TODO: final uncertainty analysis, bootstrapping and testing with noise etc.

Batch results

Generally, there are many things to consider in terms of the quality/fidelity of the fit results. In particular, we might want to investigate:

  • \(\chi^2\) values.

  • Estimated uncertainties.

  • Uniqueness of fit.

This is generally aided by having a large batch of fit results, with randomised initial parameters, to allow for statistical analysis and ensure a full probing of the solution hyper-space.

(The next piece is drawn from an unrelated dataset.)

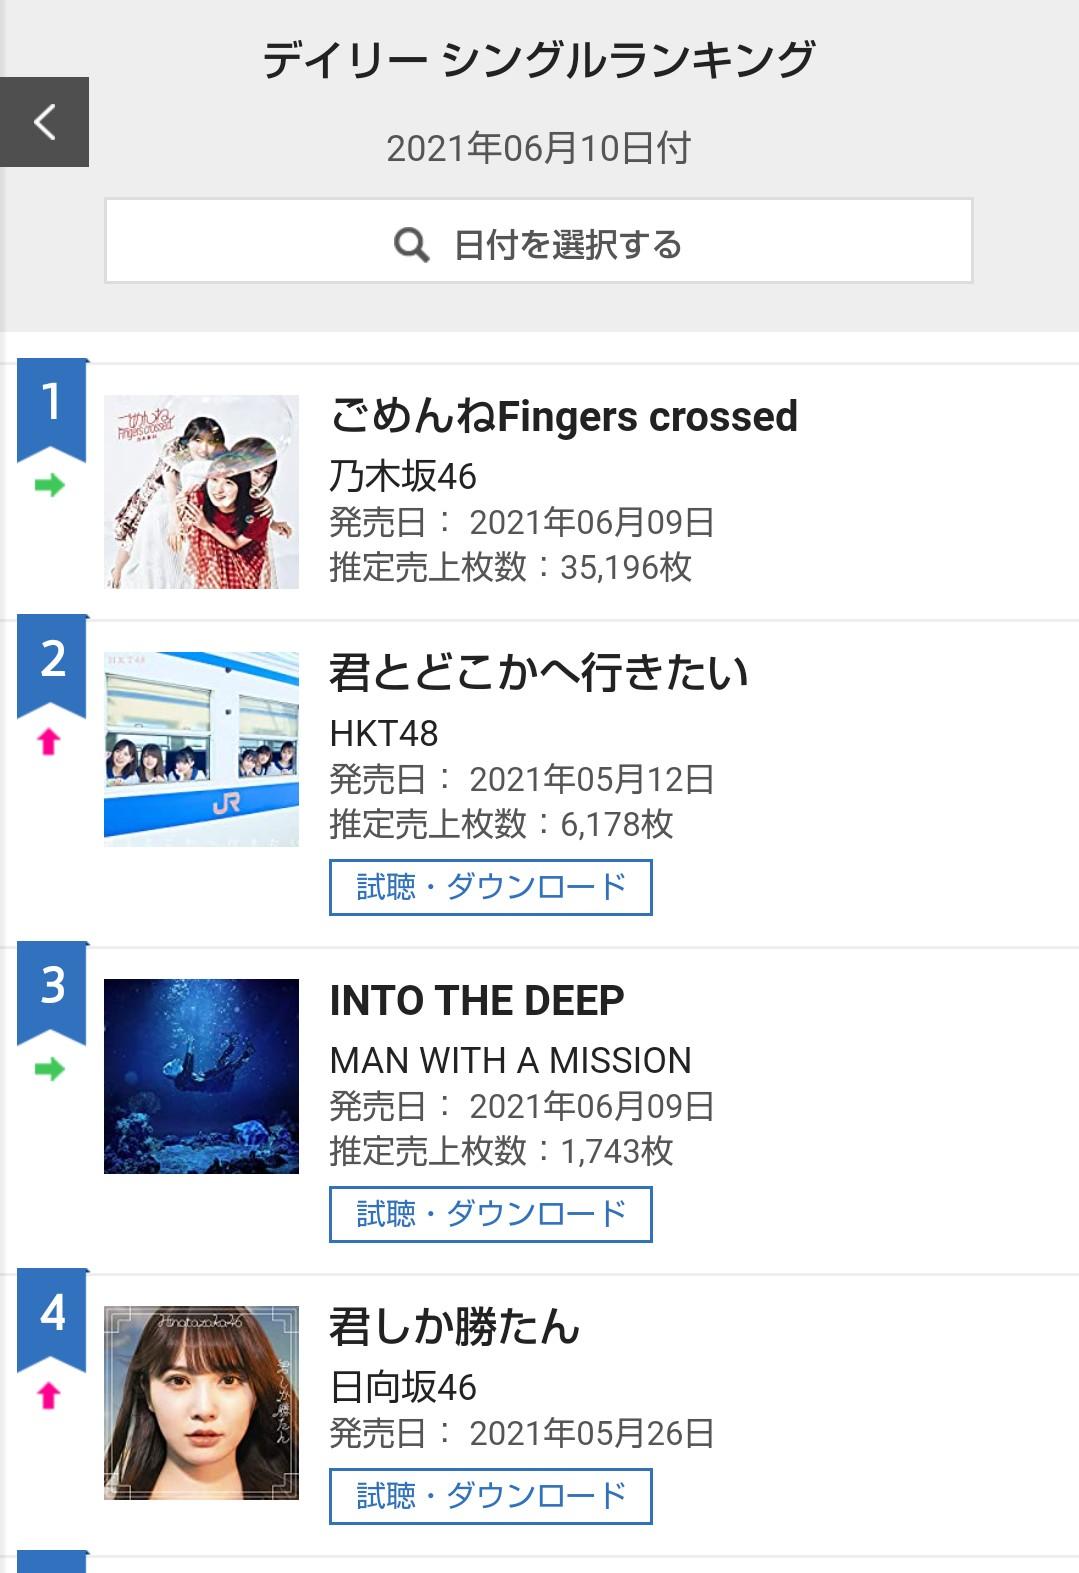 乃木坂46 27thシングル「ごめんねFingers crossed」3日目売上

For further discussion, see, for example:

[1]

  1. Hockett, Quantum Metrology with Photoelectrons, Volume 2: Applications and advances. IOP Publishing, 2018. doi: 10.1088/978-1-6817-4688-3.

[2]

  1. Hockett, “Photoionization dynamics of polyatomic molecules,” University of Nottingham, 2009. Available: http://eprints.nottingham.ac.uk/10857/

Load sample dataset

[1]:
# If running from scratch, create a blank object first
# # Init blank object
import pemtk as pm
from pemtk.fit.fitClass import pemtkFit
data = pemtkFit()
*** ePSproc installation not found, setting for local copy.
[2]:
# Load sample dataset
# Full path to the file may be required here, in repo/demos/fitting
import pickle
from pathlib import Path

dataFile = 'dataDump_100fitTests_10t_randPhase_130621.pickle'
dataPath = Path(pm.__path__[0]).parent/Path('demos','fitting')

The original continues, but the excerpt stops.